Does it mean that God had to put a veil up so that Pharaoh would not remember all that had happened? The answer is no. According to the kabbalists, when the Creator “hardened the heart” of Pharaoh, He simply brought Pharaoh back to the place where he had been before the first plague. He brought Pharaoh to his previous state of consciousness, a state where he was unaware of the suffering of his people and therefore felt no urgency to release the Israelites. Pharaoh became exactly the person he had been before. He didn’t learn anything. He didn't become different. He simply forgot the process he had been through.
Oftentimes, we, too, fall into the same kind of forgetfulness. When we go through some difficulty, we may vow that we will never fail to remember where we have been or what we have received. However, once the situation is resolved, we all too often go back to living and behaving as we did before. We don't keep a notebook, as the Creator does, of all the things that we’ve done or of all the things another has done for us. For example, we may have a friend of many years’ standing whom we love. Suddenly, something happens that comes between us and this other person. And what do we do? We forget all the things that happened in the past. We forget the good times. We forget sticking up for one another. We forget what this person did for us. We forget everything and instead become blinded by the immediate pain or injustice.

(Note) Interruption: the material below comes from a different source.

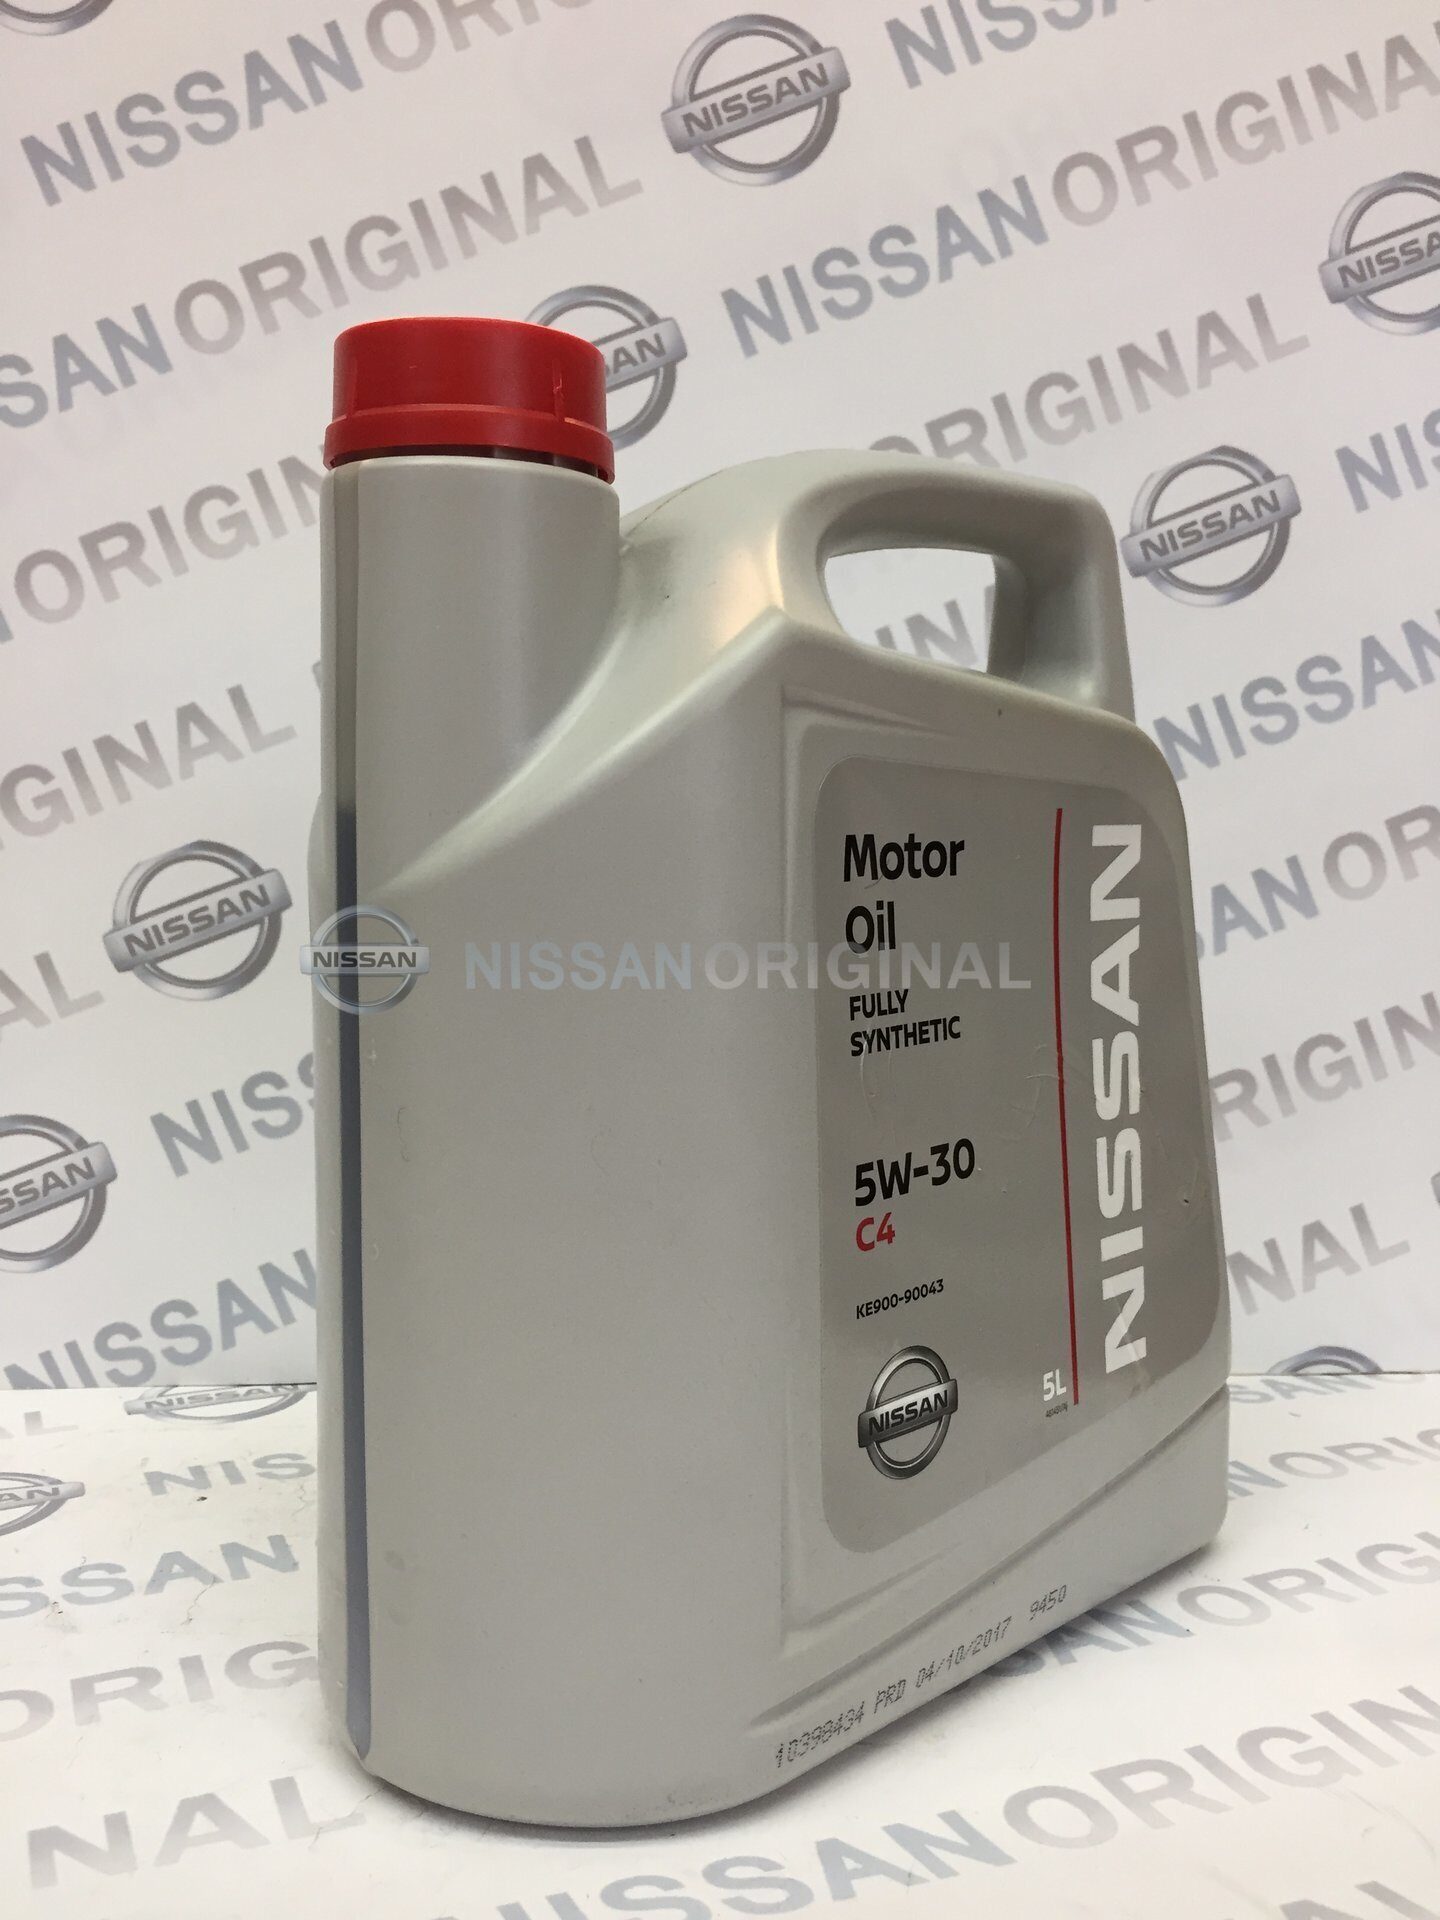 Nissan ke900-91043. Ke900-90040. Оригинальное масло Ниссан это total. Масло Ниссан 5w40 синтетика цена 5 литров.

I read a story this week about a woman who didn't forget. Her name is Vicky and she started a charity to house needy families in Illinois in order to remember and appreciate the woman who had housed and hidden her mother away from the Nazis during the Holocaust. In other words, out of gratitude for this good deed from more than 70 years ago, Vicky is giving her time and energy to help families survive the chaos that exists in our time. She is paying forward the kind action that was done for her mother.
You can't imagine how many thousands of people have stood up and said, “It's been three years since I started on the path of spirituality, and my life has changed. I've gotten this and I've gotten that.” But you know what usually happens with these people? A couple of weeks later, they're gone. Why? Because none of us must ever take the consciousness we have received for granted. We need to continually ask the Creator to help us remember the miracles and the transformation we have experienced so that we can stay connected and can look for ways to take action to and share what we have received, to “pay it forward” as Vicky did.
Every time I read this week’s portion, I’ve said to myself, Hmm, this is pretty silly that somebody as high as Pharaoh could forget? Remember, kabbalistically speaking, a king is higher than a prophet. A king supposedly sees more than a prophet. Yet the heart of Pharaoh could be hardened. And if a king could forget, then so can we. We need to beg to remember this story, to remember our own story, to never forget how we got here. And we must particularly remember our true purpose on this path, which is to reveal the true potential of our soul. For if we think we are here just to reach a certain level, or to meet our soul mate, or make a lot of money, then once we reach that goal, we will leave the path.